Quanto ha letto, studiato ed approfondito per trovare il metodo più consono ed efficacie per rispondere alle problematiche giovanili? Era laureato in teologia, ma i suoi principi e metodologie pedagogiche da dove le ha ricavate? Oltre che dai suoi viaggi, quanti manuali ha ripassato?

Quanti discorsi ha preparato? Lo sappiamo che ci sono molti volumi al riguardo. Alcuni scritti sono di circostanza, di burocrazia, ma la maggior parte toccano problematiche giovanili, appelli alle autorità civili e religiose, collegamenti e confronti con istituzioni formative di varia impostazione, prediche e riflessioni religiose, studio e preparazione per la scuola di religione che faceva all’Istituto delle Fedeli Compagne di Gesù.

Anche il suo epistolario è molto voluminoso. Quante lettere a confratelli, ad ex artigianelli, ad amici, a benefattori. Quanto ha curato i rapporti personali, la conoscenza delle positività e delle difficoltà, la condivisione del proprio pensiero educativo e spirituale con quella forma di tenerezza che le era propria?

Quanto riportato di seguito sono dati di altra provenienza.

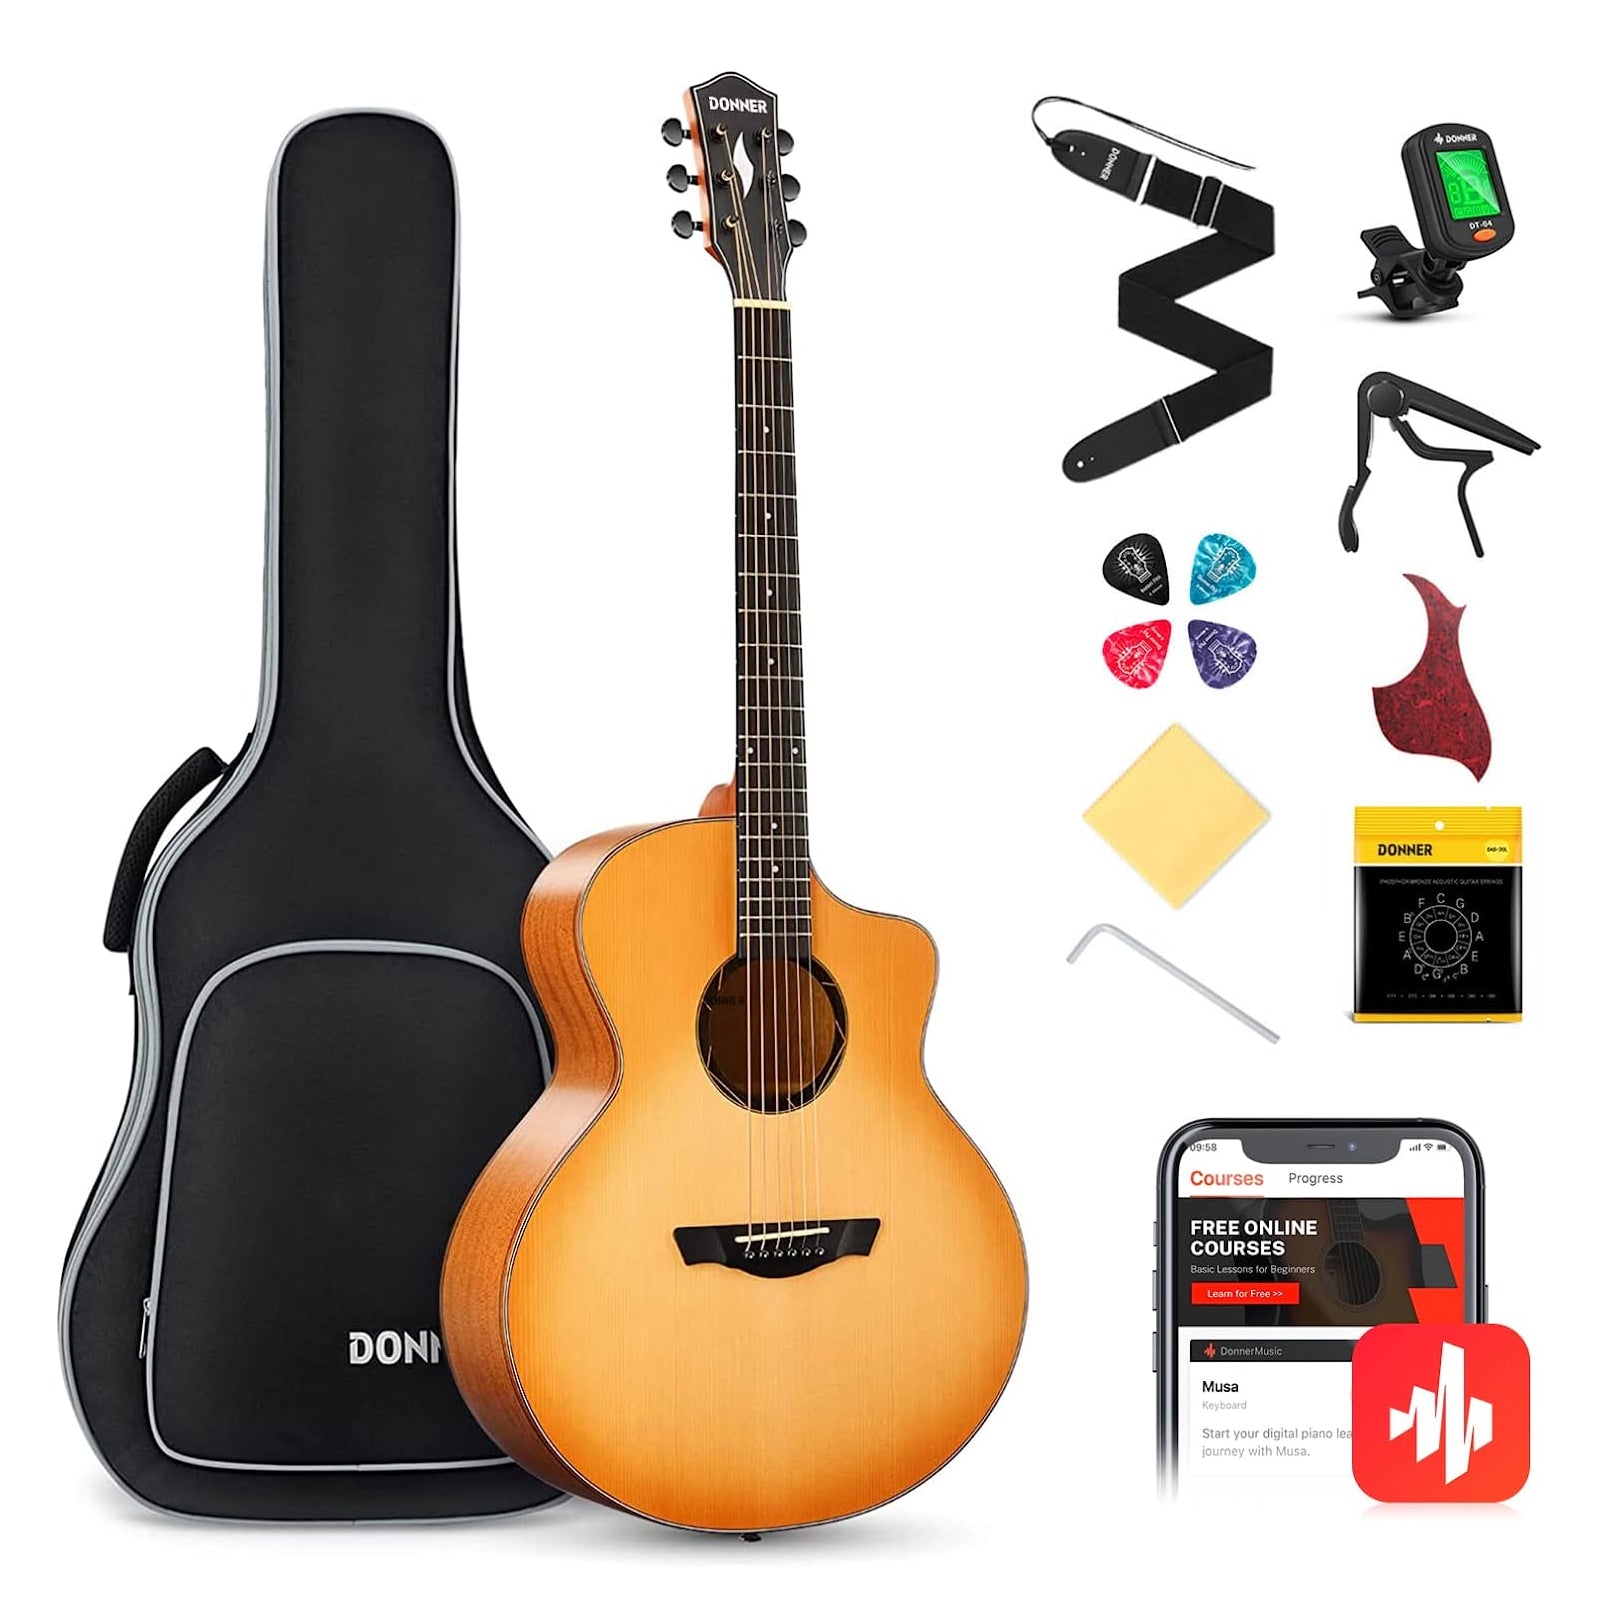 

Donner DAF-410 Full Size Acoustic Guitar Kit for Beginner 41 Inch Solid Spruce Top Cutaway JF Body with Free Online Class

La sua poltrona. Senz’altro le serviva per riposare, quando era stanco o ammalato. Ma me lo vedo in colloquio con giovani artigianelli o confratelli giuseppini bisognosi di un confronto, di una buona parola, di un sostegno, di una guida spirituale, di un padre che, come il Padre misericordioso della parabola, porta pace, serenità e la tenerezza dell’Amore di Dio.